В комнате Штанге висел портрет Чернышевского, Михайловского и Короленко — его богов. Кроме литературы о производственных артелях, Штанге ничего не читал, говоря, что книги ему не нужны, ибо он на все давно имеет свои прочные и верные взгляды. (Из художественной литературы он прочитал только «Что делать?» и считал, что никто ничего другого лучше не напишет.) Штанге иронически относился к своим приятелям, не поднявшимся, по его мнению, на «высоты свободного от сектантства духа». В общий котел он отдавал всю свою пенсию, оставляя себе только на баню и на мыло. Он был апостолом старомодного равенства и страдал, когда в князе или в думском деятеле Каншине замечал неистребимую тень высокородной кичливости. Его коробило, когда при нем называли народников мучениками, жертвенниками. Он говорил, что жертвовать собою в пользу народа — это и есть счастье и что Чернышевский, Александр Ульянов, Желябов, Вера Засулич, Николай Морозов — счастливейшие люди на свете. Рахметова он считал единственным положительным типом в классической литературе XIX века. В общем, жильцы считали его неисправимым чудаком и не от мира сего.

Штанге пришел третьим и сел в угол, стал слушать рассказы Мельникова про самодуров-купцов, купавших потаскушек на ярмарках в ваннах, наполненных шампанским.

Последними пришли супруги Каншины.

— Мимикрия теперь является единственным средством порядочного человека, — признавался Каншин, — а глупая последовательность сейчас свойство мелких умов. Я утратил желание обладать индивидуальностью, мне так удобно, я живу, как мне приказывают; жить своим умом — привилегия, которая доступна в двадцатом веке только избранной элите: президентам, вождям, полководцам, а я хочу жить рядовым человеком, любить то, что любят все, жить так, как живут все.

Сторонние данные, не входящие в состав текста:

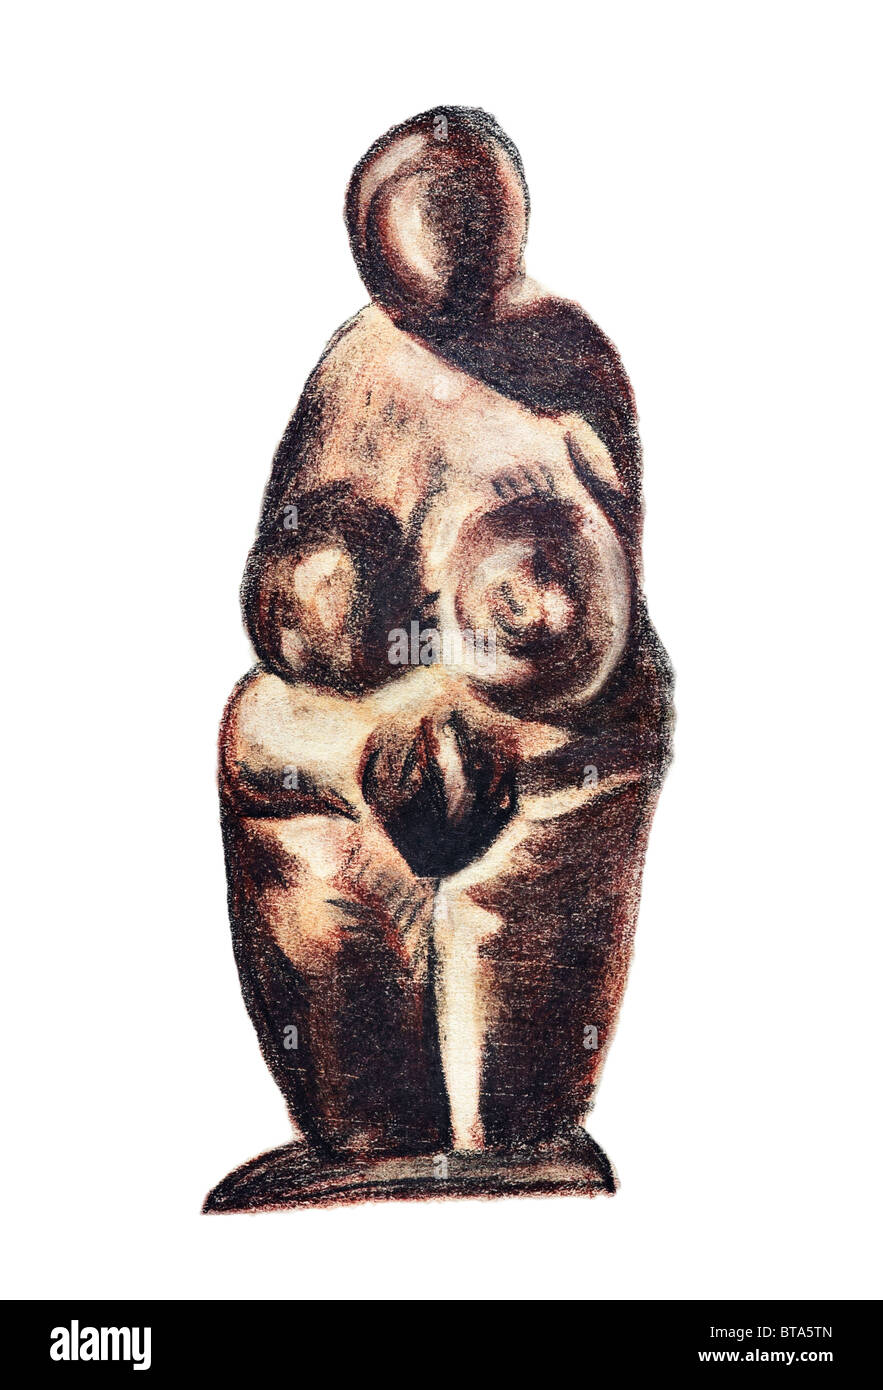 Vénus - femme figure dans le style préhistorique - symbole de fécondité Banque D'Images

И он на самом деле жил так, как говорил. Он облекся в одежду кустаря: картуз, казинетовое пальто, продранное на локтях, смазные сапоги. Таким он смело ходил по городу, пререкался с торговками, беседовал с домохозяйками, и никому в голову не приходило, что это тот самый человек, который был в почете у царя, сидел за столом со Столыпиным, заискивал перед Распутиным, совещался с Керенским, опровергал Милюкова. Он был живым свидетелем октябрьского переворота, и никто, кроме тесного круга приятелей, ничего не знал об этом, а считали его просто «старичком с Большой Кручи», который хорошо разбирался в сортах говядины, овощей и фруктов. Он умело имитировал манеру речи аборигенов, обращаясь к мещанке, торговке домашней живностью: «Гляжу, ба-ба-ба… Гусь в теле. Тетенька, почем?!» — «Две полтины». — «Да ты что, с ума сошла?» — «У нас его нет, сходить не с чего». — «Скости капельку, я целую килу и заберу у тебя в таком разе». — «Только для тебя, кум…»

«Свой в доску», — говорили о нем в улице.

По воскресеньям он выходил в палисадник, где собирались игроки в домино, проигрывал им на водку и с ними пил из общего стакана, закусывал, разрывая селедку руками, крякал, морщился и изысканно матерился, к удовольствию мастеровщины.

«Молодчина, старичок, — говорили ему, — сразу видать нашу рабочу косточку… В брюхе-то у тебя, чай, долото сгниет». — «А хрена ли? — отвечал Каншин. — Выпить да закусить, вся наша жизня в этем… Душа вон, и лапти кверху».

Его хлопали по плечу и приглашали на крестины. На крестинах, на именинах, на свадьбах он был в числе званых, потому что умел играть на гитаре и пел трогательные песни, за которые его домохозяйки обожали. Удивительно, что этот натуральный аристократ так легко приспособился к мещанской среде.

Супруги Каншины сели в красный угол молча, оба прямые, сухие, еще очень бодрые, только глаза у мадам Каншиной очень беспокойно бегали с предмета на предмет…

Вскоре явился сам хозяин. Он сел за стол рядом с Каншиным и изложил суть своего дела. Как и все нервные и впечатлительные люди, он преувеличивал свои опасности и бедствия и нарисовал их в мрачных красках. Выходило, что его постигла непоправимая катастрофа, а сам он испытывает «адские мучения».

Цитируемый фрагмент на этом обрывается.